_Task_
Copy out each record that follows exactly, and omit any picture you find.

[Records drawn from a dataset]
┏━━
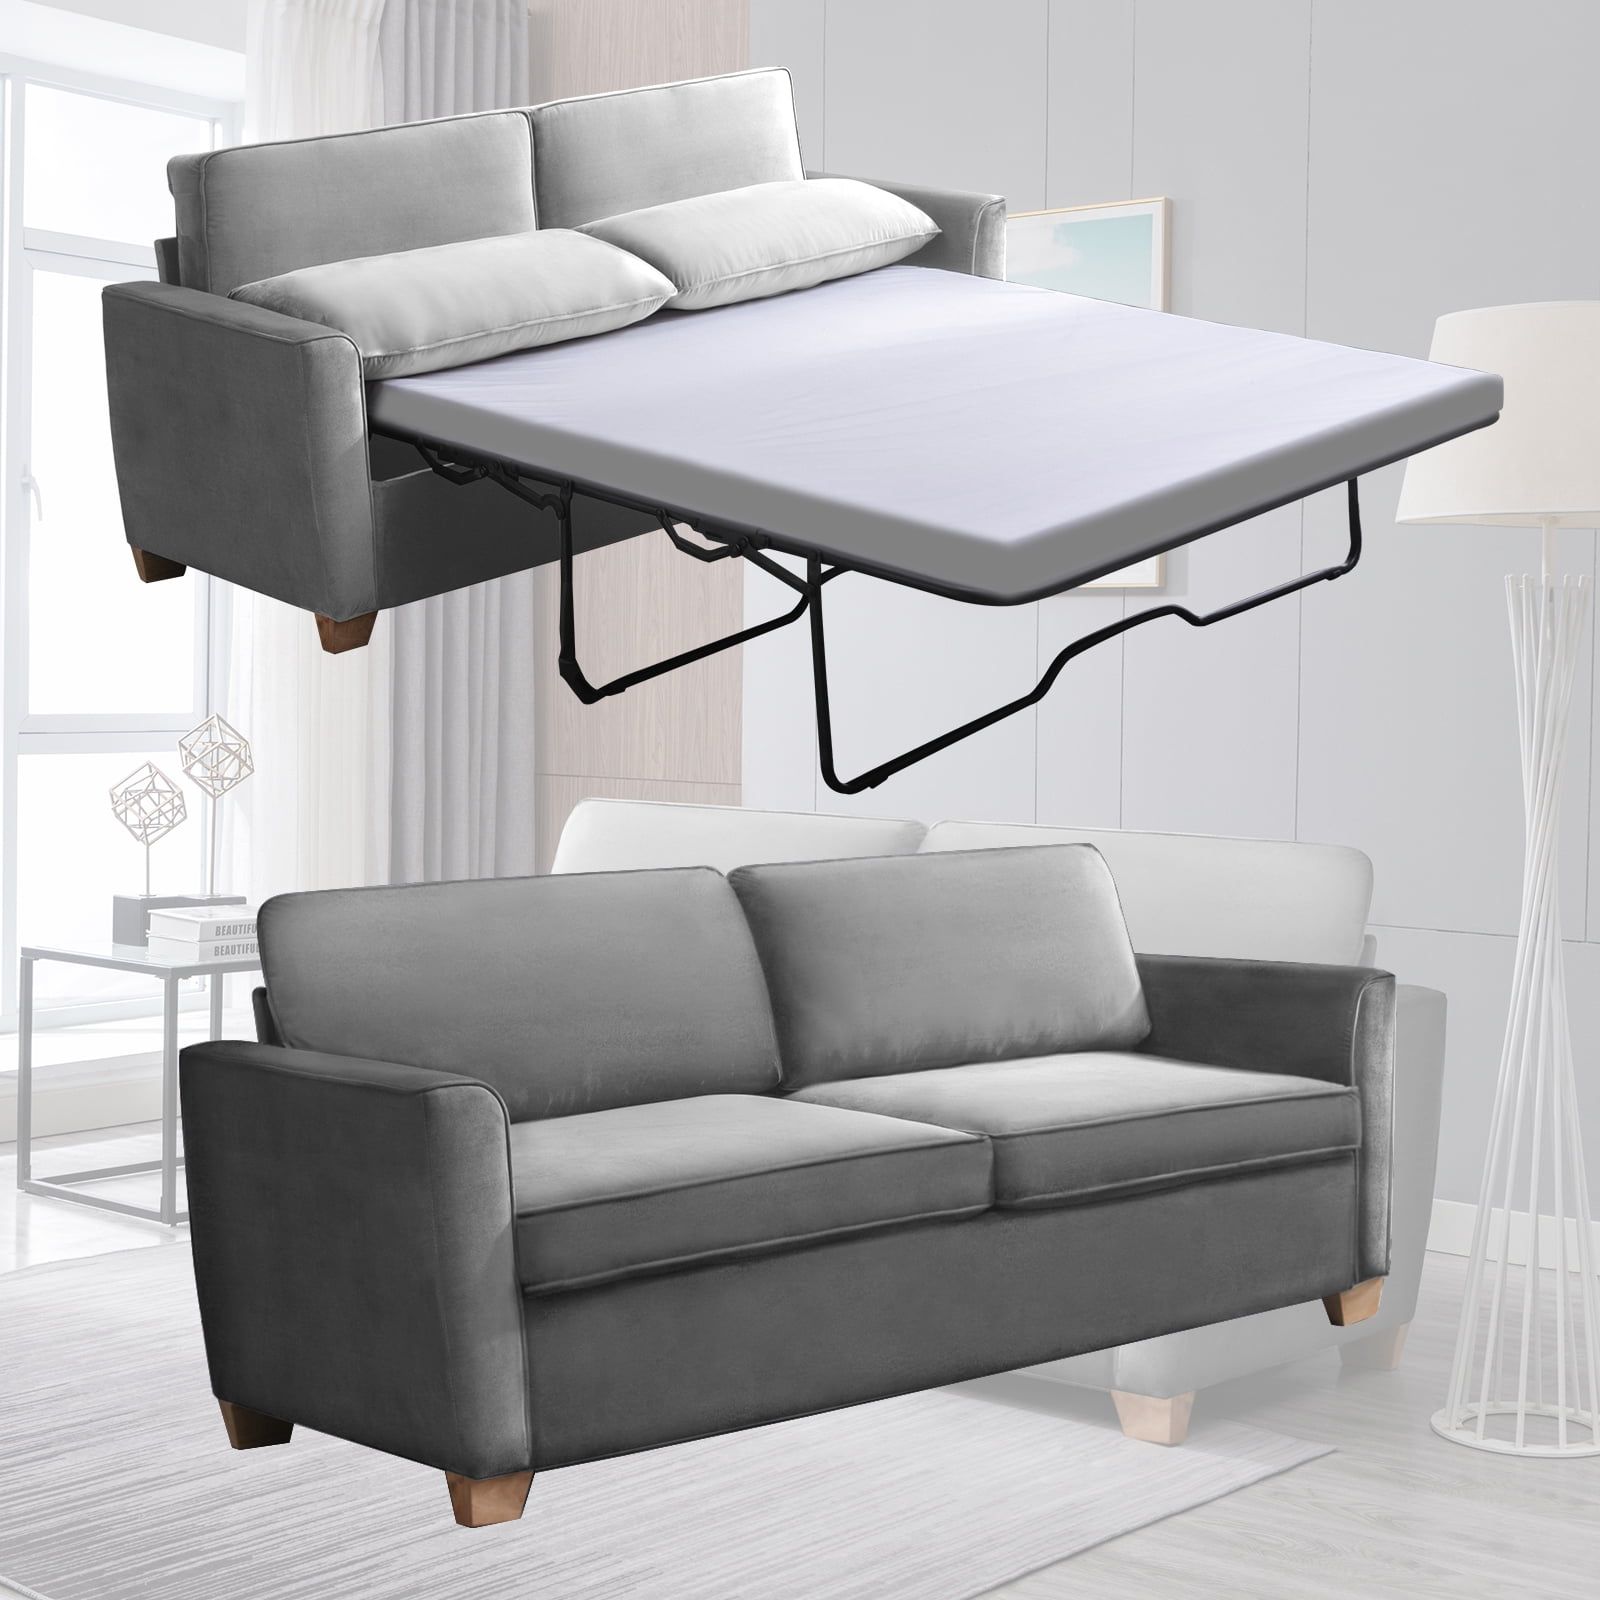 Mixoy 2 In 1 Pull Out Sofa Bed, Velvet Loveseat Sleeper Sofa Bed With  Folding Mattress, Pull Out Couch Bed Suitable For Living Room, Full Size Sofa  Sleeper For Apartment/Small Spaces (Full,Dark Grey) – In 2 In 1 Gray Pull Out Sofa Beds (View 6 of 15)
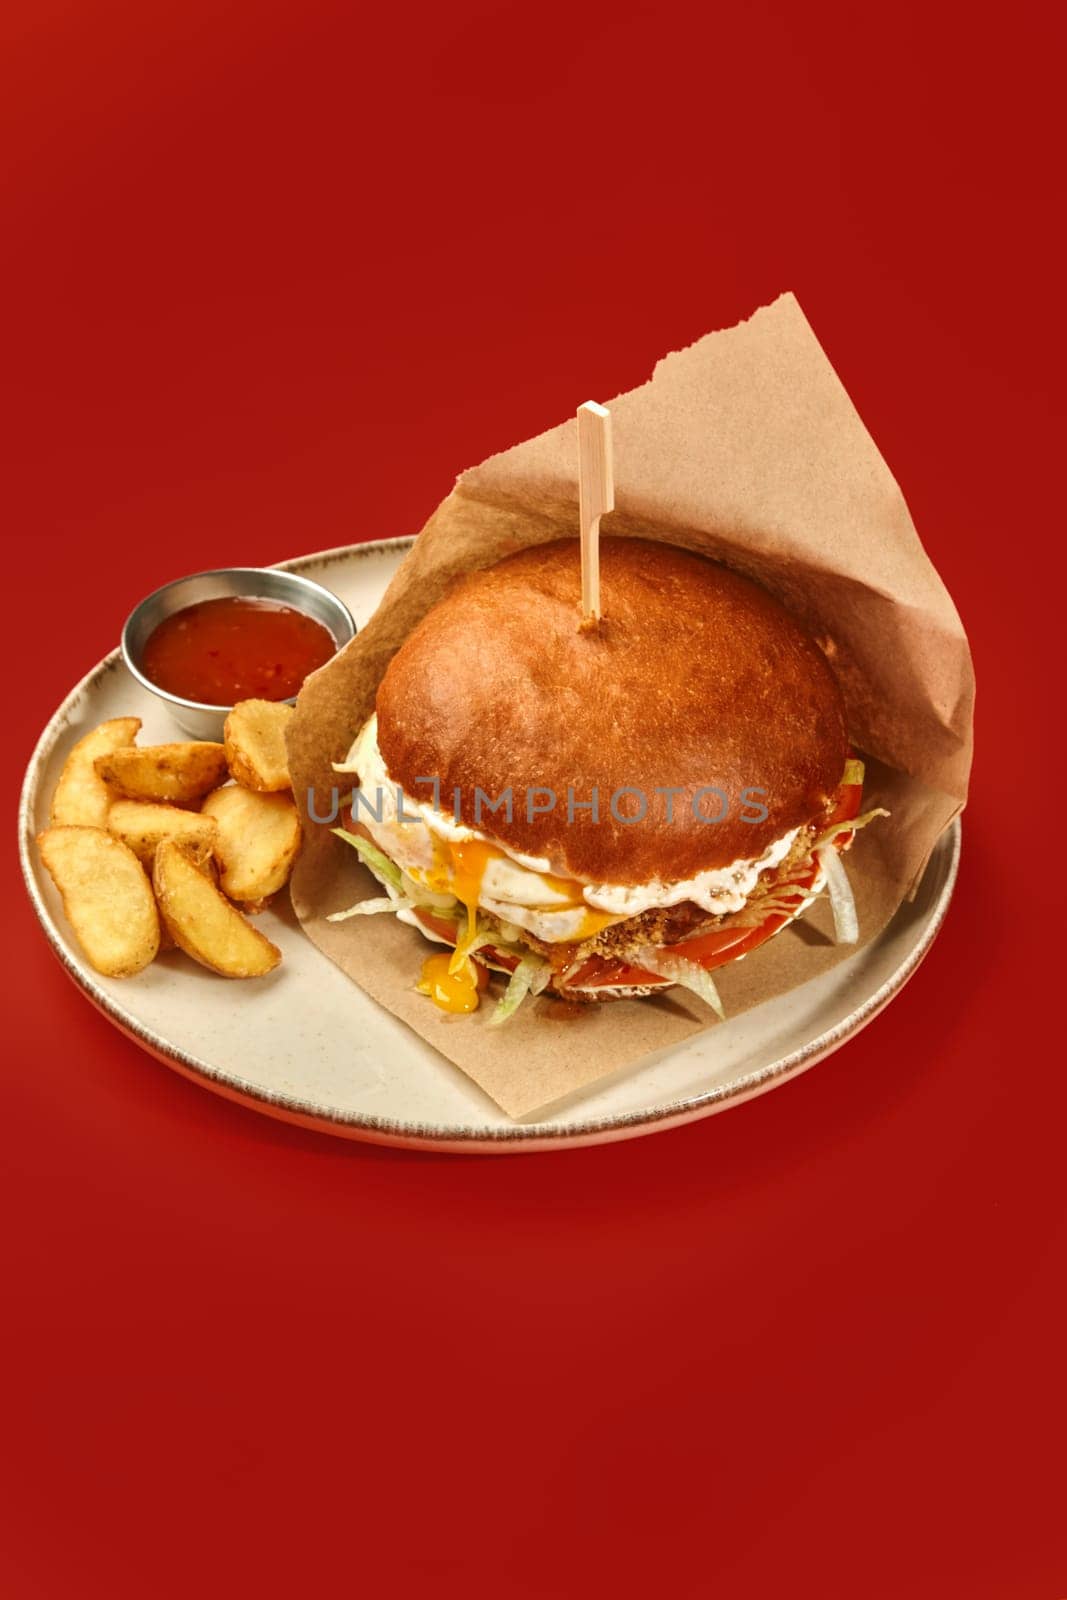 Craft-style chicken burger with fried egg and vegetables in brown paper wrap with wooden skewer served with wedge fries and dipping sauce on plate, on red background. Popular fast food concept
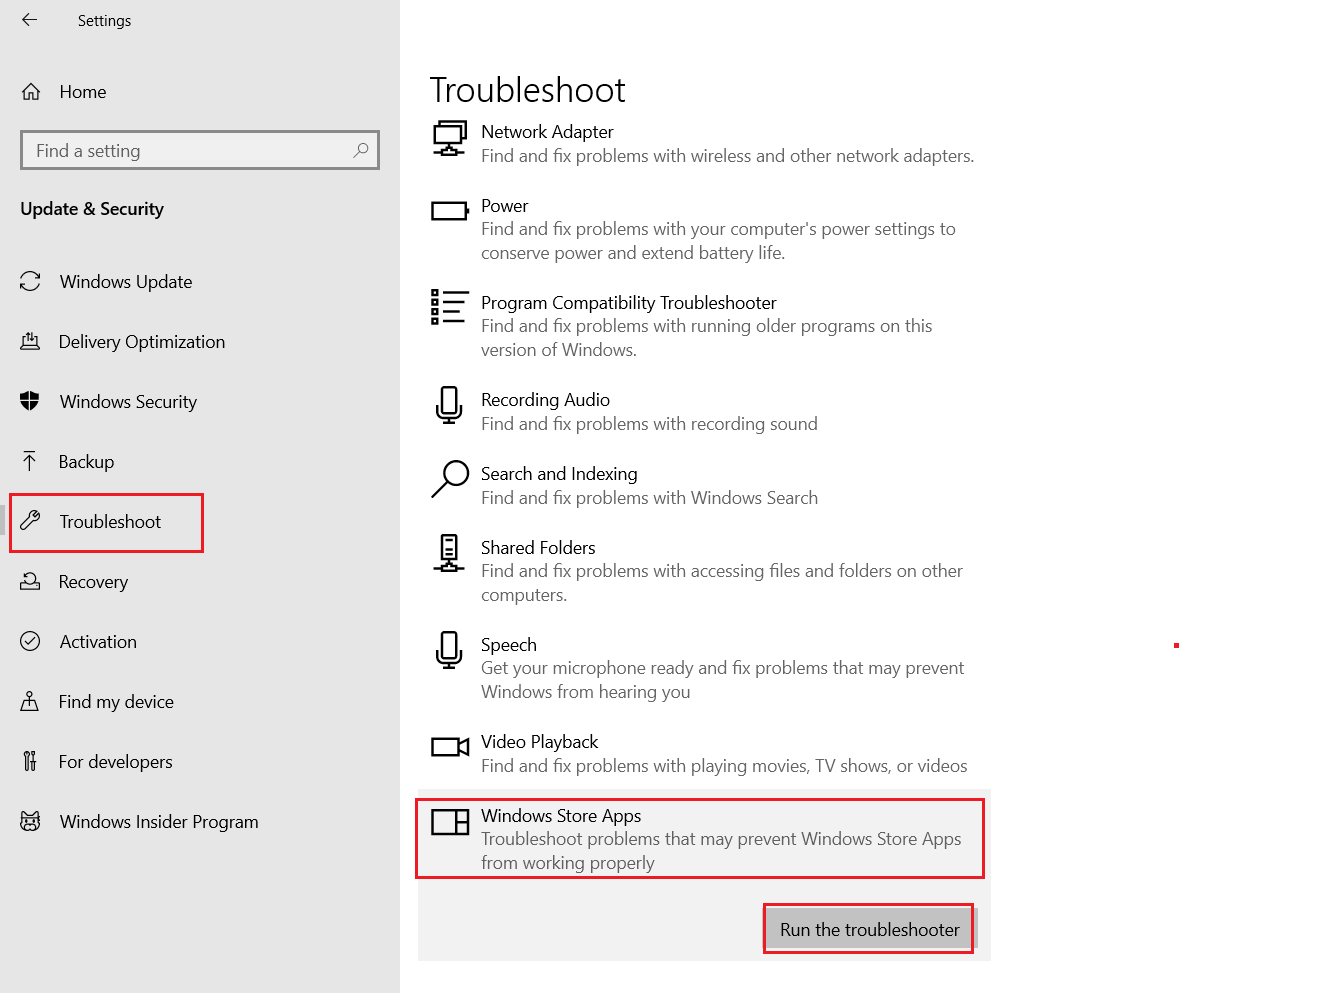 Scroll down and select Windows Store Apps and click on Run the troubleshooter in Troubleshoot menu
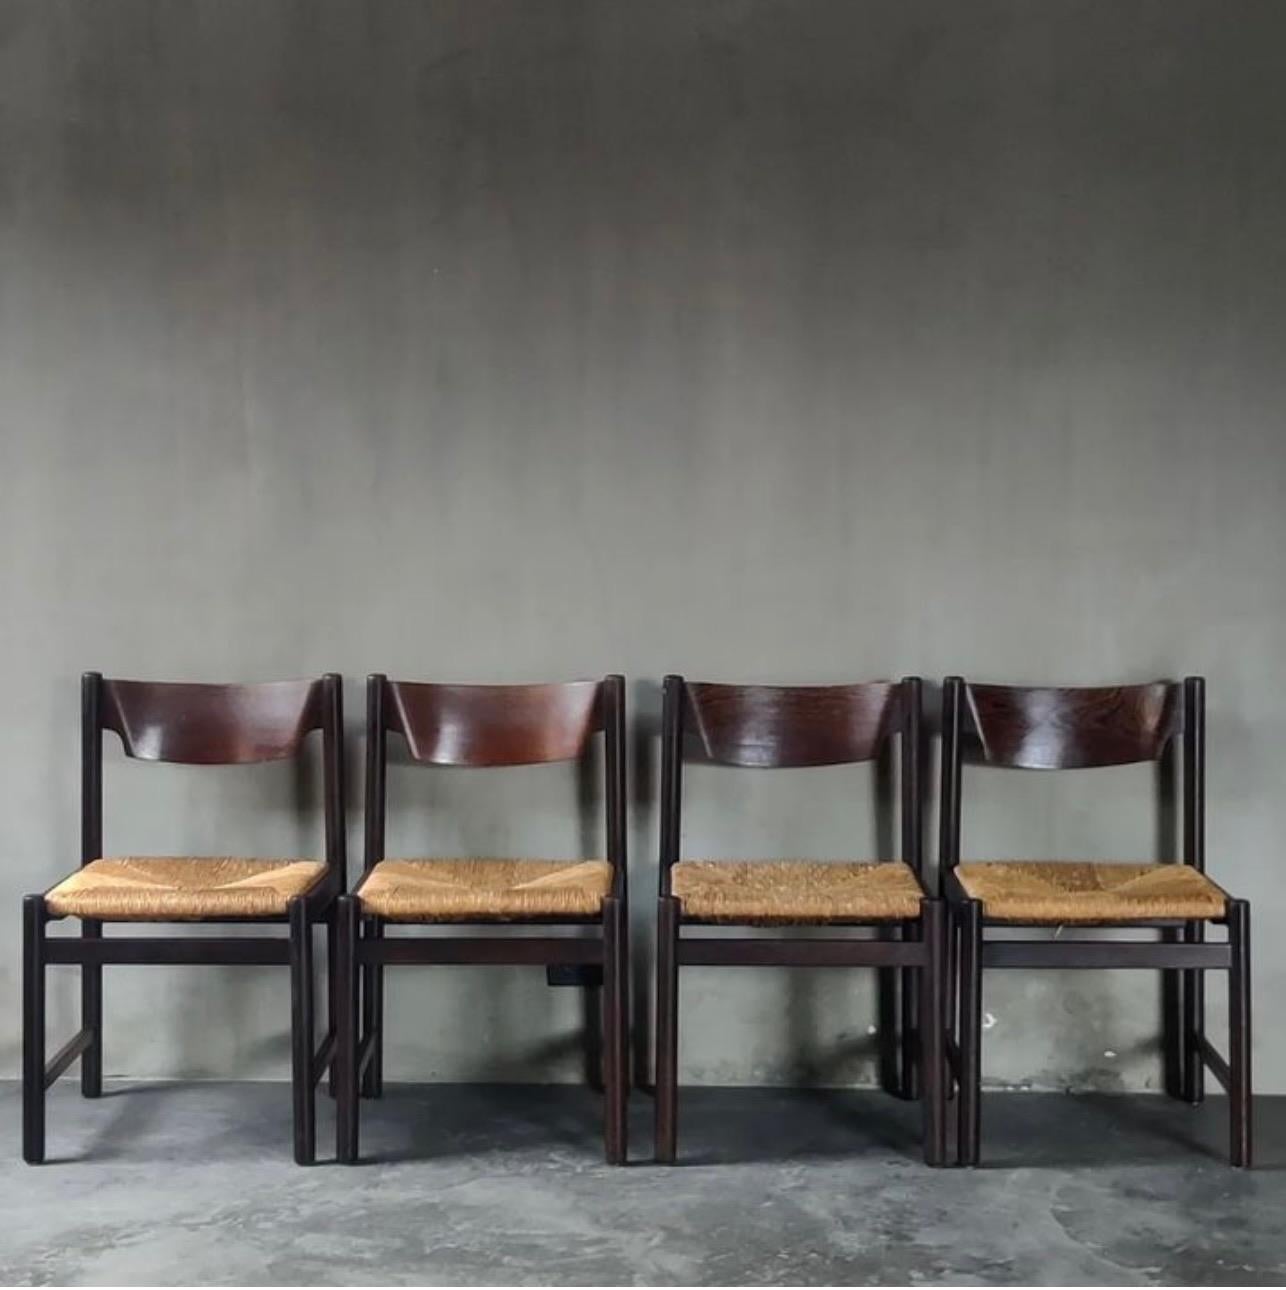 Set of four Dutch mid-century wenge (otherwise known as hardwood) dining chairs with woven rush seats, designed by Martin Visser for Spectrum. Chic and modern with a relaxed, 'lazy fancy' vibe. 

Netherlands, circa 1950

Dimensions: 18.5W x
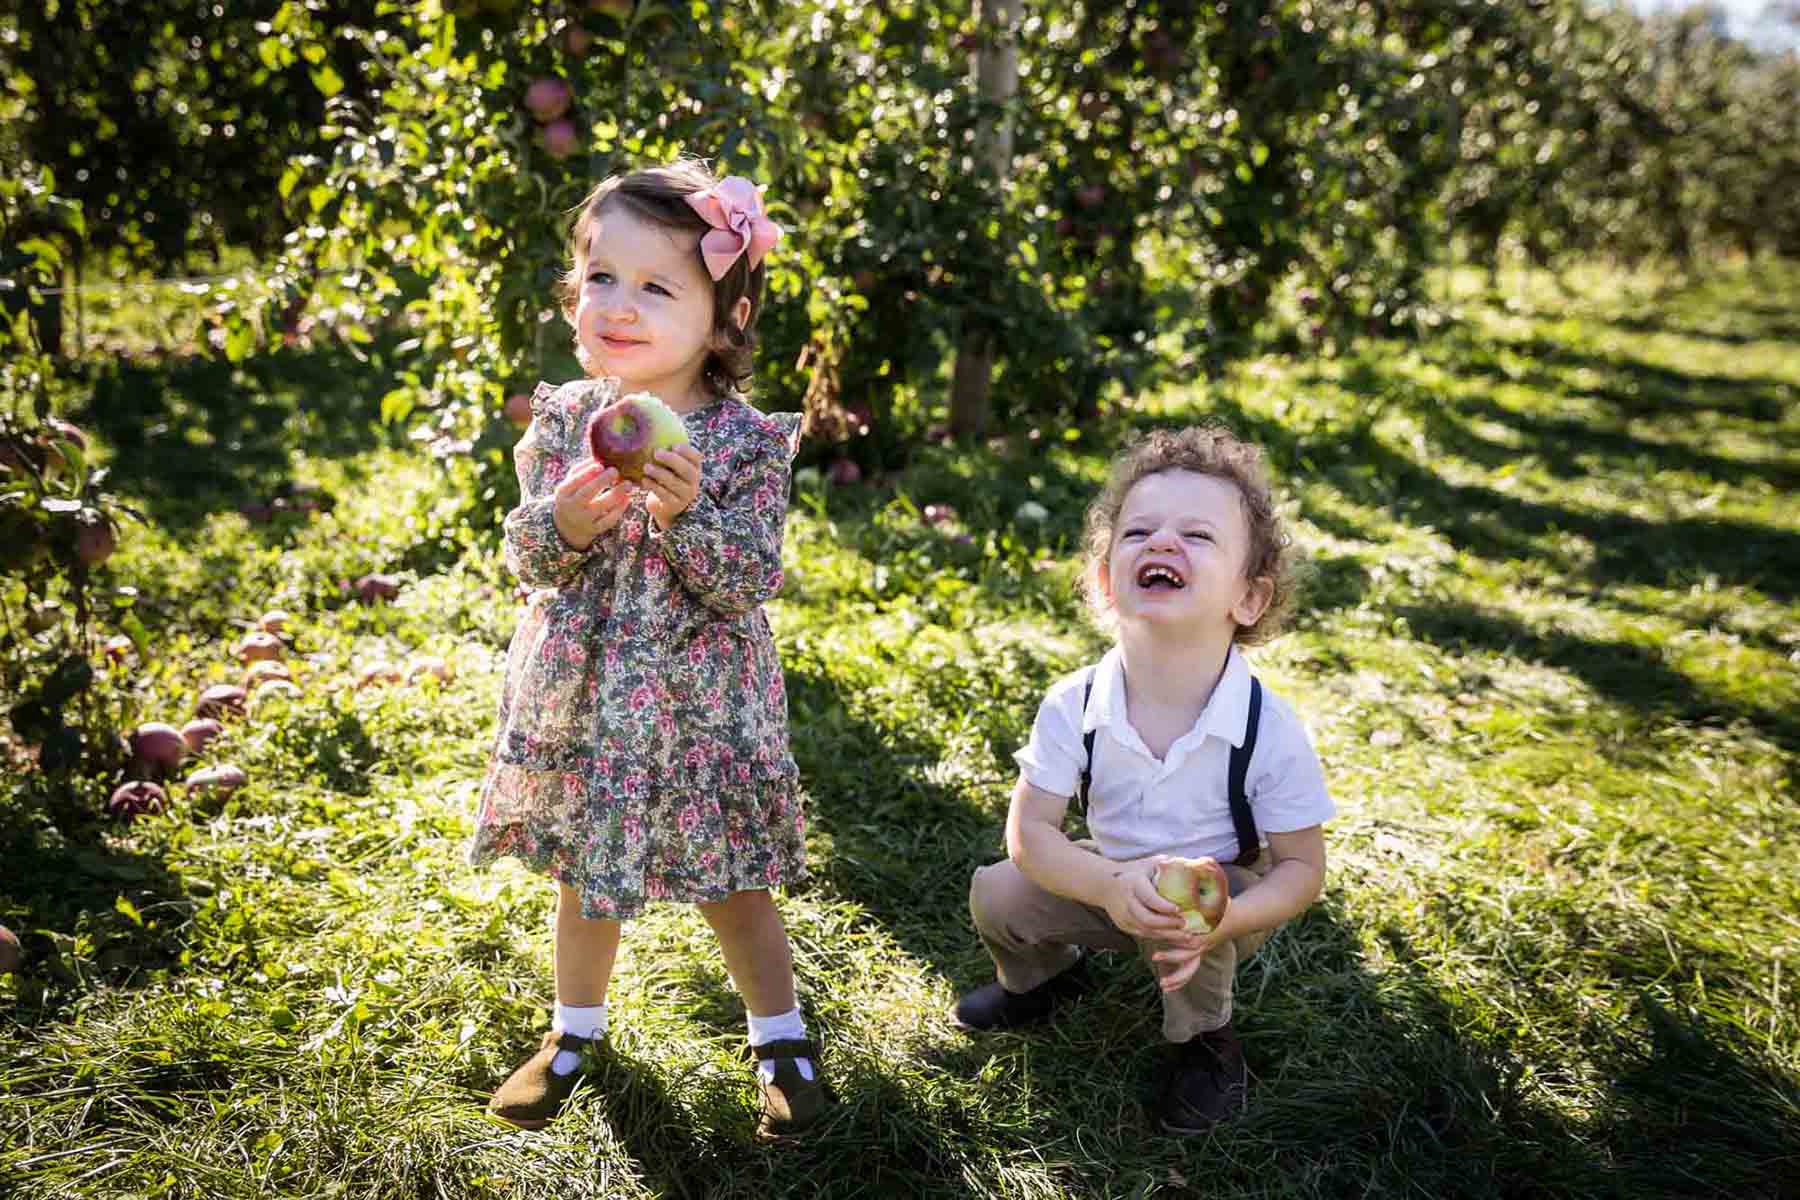 Two toddlers laughing while holding apples in an orchard
┗━━
_Answer to this problem_
 Mixoy 2 In 1 Pull Out Sofa Bed, Velvet Loveseat Sleeper Sofa Bed With  Folding Mattress, Pull Out Couch Bed Suitable For Living Room, Full Size Sofa  Sleeper For Apartment/Small Spaces (Full,Dark Grey) – In 2 In 1 Gray Pull Out Sofa Beds (View 6 of 15)
 Craft-style chicken burger with fried egg and vegetables in brown paper wrap with wooden skewer served with wedge fries and dipping sauce on plate, on red background. Popular fast food concept
 Scroll down and select Windows Store Apps and click on Run the troubleshooter in Troubleshoot menu
 Set of four Dutch mid-century wenge (otherwise known as hardwood) dining chairs with woven rush seats, designed by Martin Visser for Spectrum. Chic and modern with a relaxed, 'lazy fancy' vibe. 

Netherlands, circa 1950

Dimensions: 18.5W x
 Two toddlers laughing while holding apples in an orchard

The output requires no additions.